SPONSORED CONTENT BY DEPUTACIÓN DA CORUÑA
The region of Ferrolterra, in A Coruña, is knowed by its coastal landscapes and other natural sites. This variety of landscapes offers a diverse gastronomy whith singular products as the barnacles from Cedeira, the bread from Neda, the octopus from Mugardos, the crusted from Pontedeume, the turnip greens from Monfero or the chanfaina from San Sadurniño. Chanfaina is a sausage with a particular history: in the past it was made and eaten by countrymen, but today it is a local delicacy.
One of the best ways to capture the essence of a territory is through its gastronomy, because the ingredients of each dish, its preparation and forms of presentation tell us about the landscape and history of the places and its inhabitants. On a tour of Ferrolterra, going to San Sadurniño and trying its traditional chanfaina is an essential stop on our journey.
The origin of this sausage comes from the times of the lordships, when the farmers were forced to reserve the best parts of their pigs for their lord, so that they only could eat the entrails. Thus, taking advantage of parts of the animal such as the kidneys, the tongue, the heart or the liver, and adding other ingredients such as corn flour, spices and aromatic herbs, people made this sausage for their daily consumption.
Traditionally, chanfaina was made after the pig was slaughtered. The main ingredients are corn flour, pig’s blood and the different viscera
This peculiar recipe has successfully resisted the passing of the time and the evolution of the gastronomic tastes of society. Thus, starting from a humble origin, nowadays chanfaina has become a whole local delicatessen that is not only prepared in the kitchens of villages like San Sadurniño or Cerdido: it can also be tasted in some restaurants and in popular parties.
The chanfaina of San Sadurniño
The parishes of Igrexafeita and Bardaos, in San Sadurniño, are the places where chanfaina has the greatest fame within this municipality of A Coruña. According to the website “Fálame de San Sadurniño” -a municipal project that collects testimonies about the past and present of this municipality- the name of the inhabitants of Igrexafeita is “foleiros” or “folechos”, a word that cames from fol (stomach in Galician language) that is used in the popular preparation.
Traditionally, chanfaina was made after the pig was slaughtered and consists of putting, inside the animal’s stomach, different ingredients: corn flour, pig’s blood and the different well-cut viscera. This mixture is marinated with garlic, oregano, hot pepper and salt and, once cooked, it is ready to eat. The possibility of eat it hot or cold will depend on the tastes of each person.
Nowadays, few people know how to cook this singular product
The Mesón Os Cazadores is one of the restaurants in San Sadurniño where you can taste the traditional dish, making a previous order. Its preparation requires a lot of time: the meat must be cut “very small and by hand,” says the owner of the meson, María José García.
Chanfaina is a dish still very unknown in many places but that, once it is tasted, its particular taste does not leave anyone indifferent: “Who likes it, likes it a lot”, she assures.

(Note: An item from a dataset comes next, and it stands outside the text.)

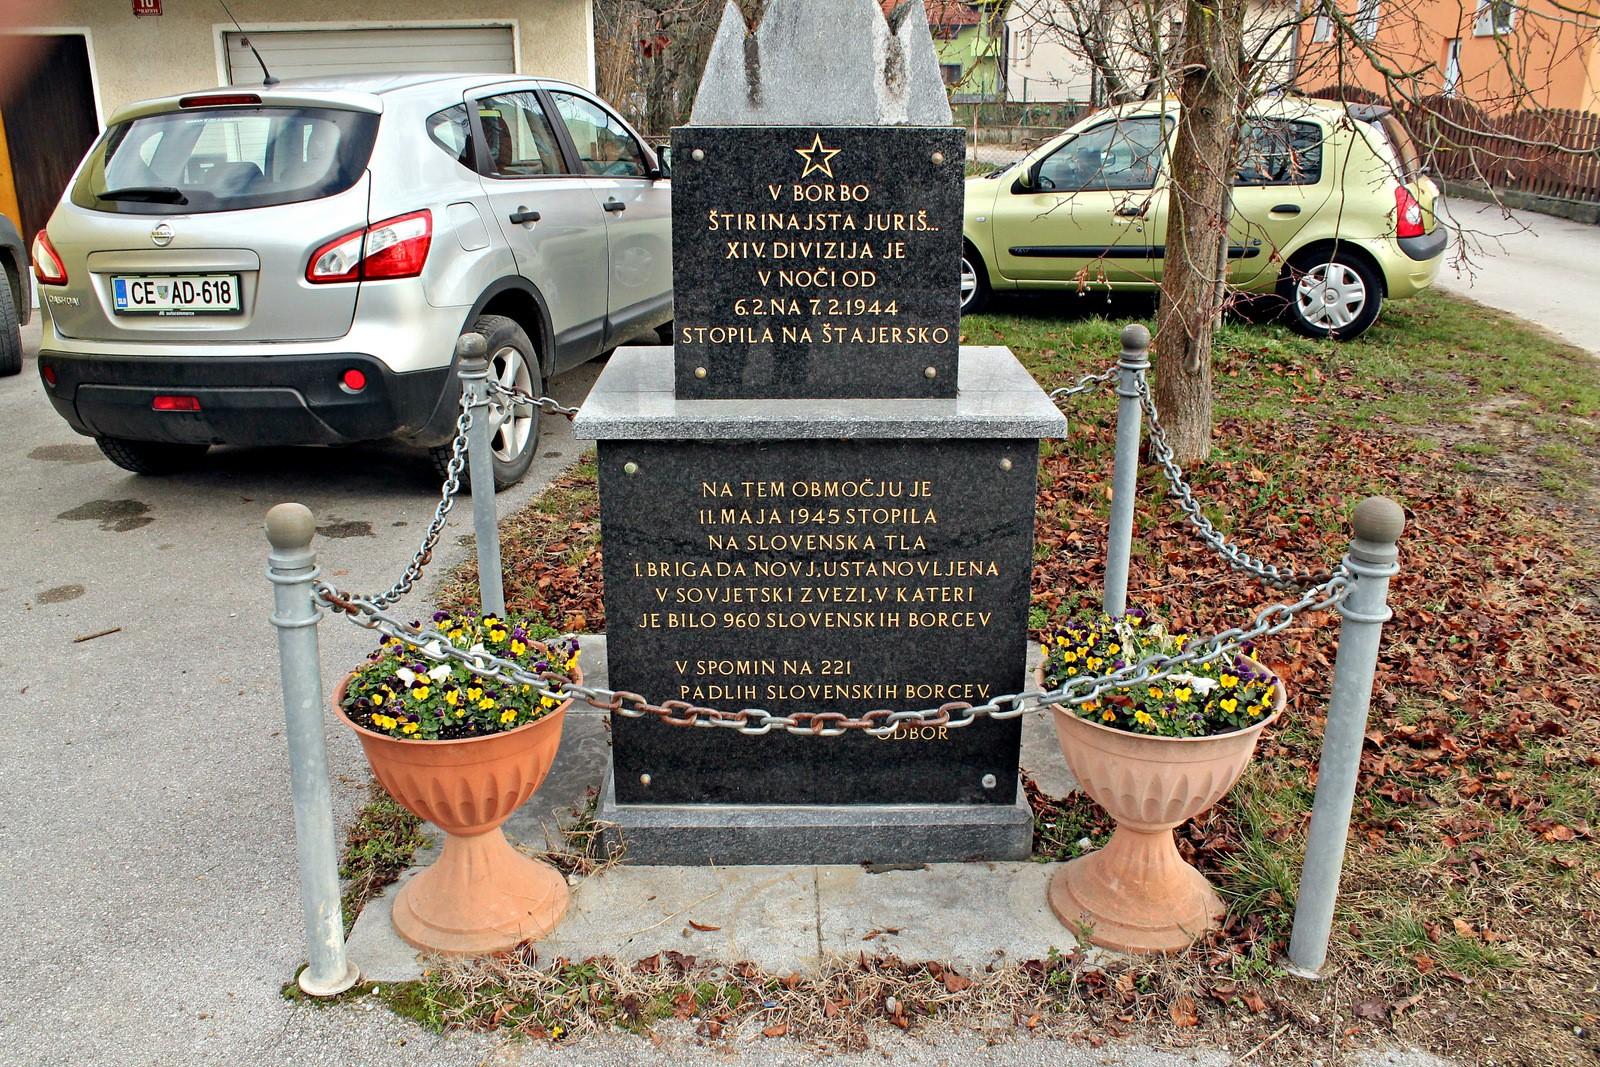 Spominska plošča, posvečena obeleženju spomina na prihod 14. divizije na okupirano štajersko zemljo. Spodnja plošča obeležuje prihod in padle žrtve 1. brigade NOVJ, v kateri so bili tudi pogumni slovenski fantje. Foto: Daniel Siter
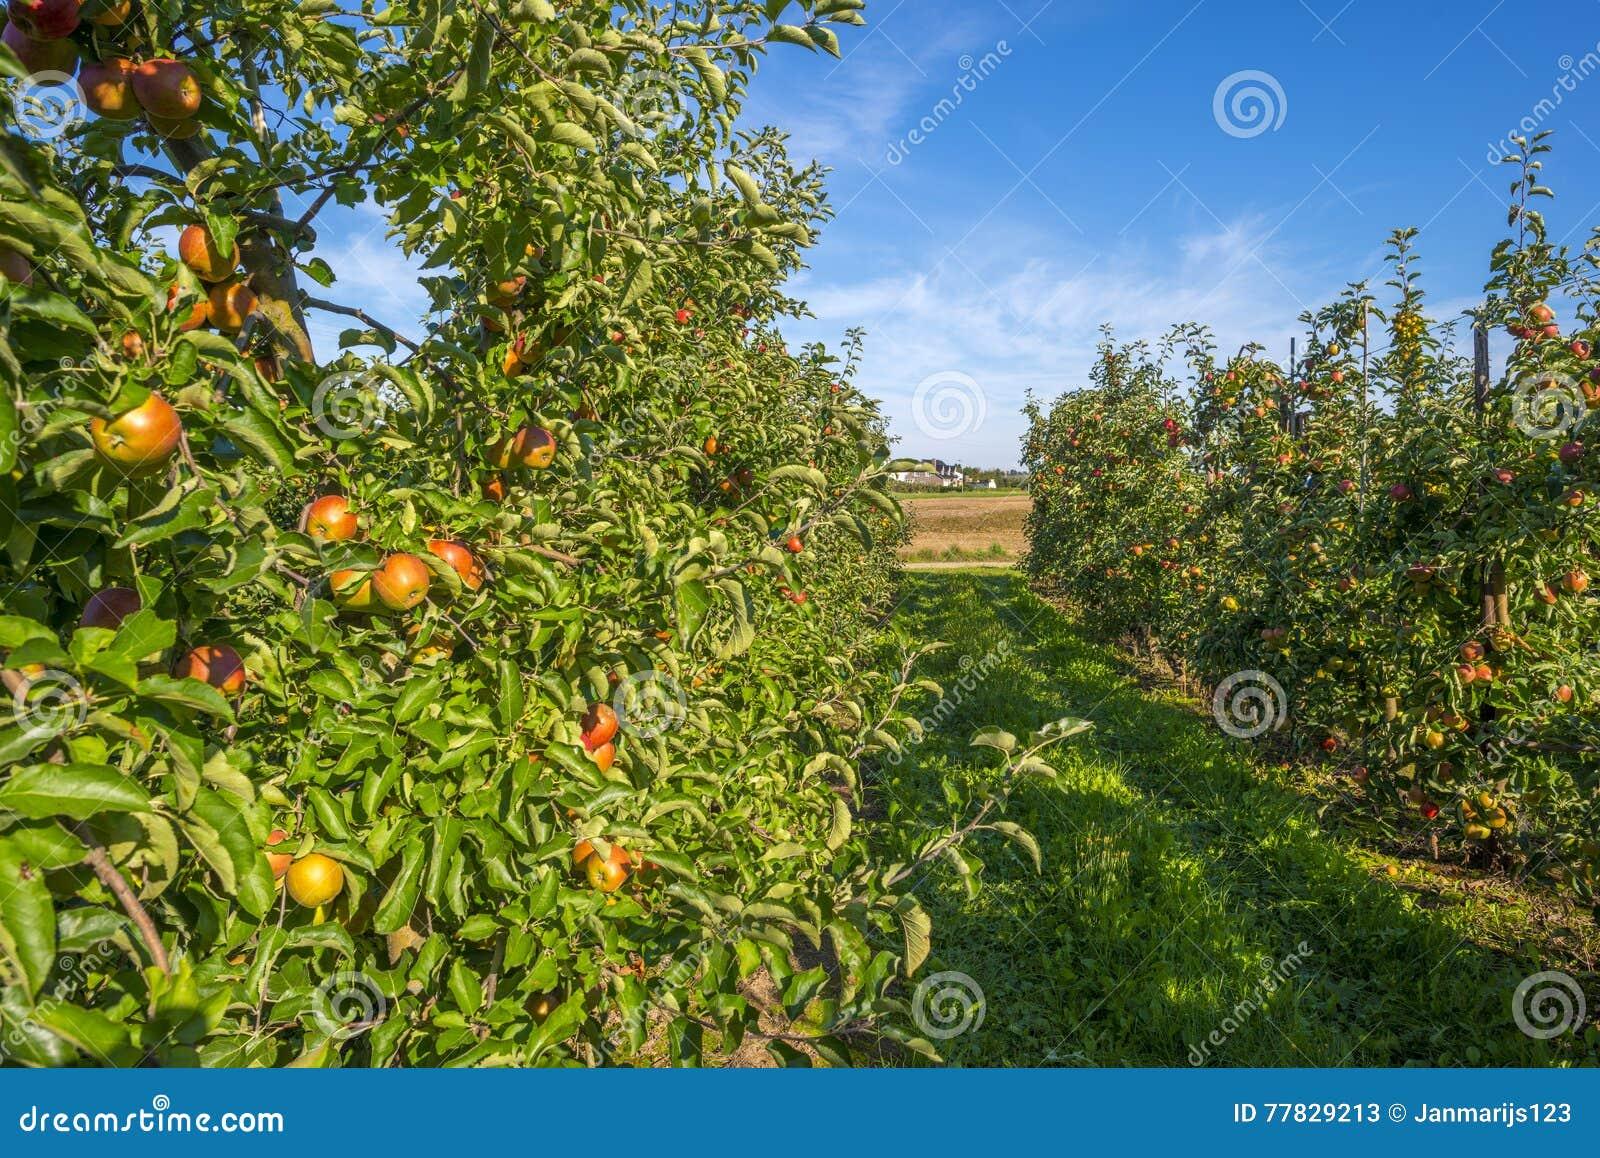 Boomgaard met appelbomen op een gebied

Among the lovers of this dish, “there are those who prefer to eat it hot and accompanied with some cooked potatoes, but there are also the ones who like to eat cold chanfaina”, she adds.
Although the recipe has survived the passing of the centuries, María José García points out that “there are fewer and fewer” people who know how to make this product, a tradition that “we must take care”.
“Cooked cinema” in San Sadurniño
The deep relation between San Sadurniño and its chanfaina, that tasty scramble of different parts of the pig, has inspired other initiatives in the cultural field. Taking the same idea of combination and mixture, in 2014 born the Chanfaina´Lab project, an anual meeting of audiovisual creators that, since its first edition, works enhance this rural land.
In each edition, Chanfaina’Lab provides a different way of getting to know San Sadurniño, its heritage and its people: the social aspects, the transformations of the landscape, the history of places and the people are some of the contents of the short films made within this project. As happens with the traditional sausage, this audiovisual works collect the essence of San Sadurniño.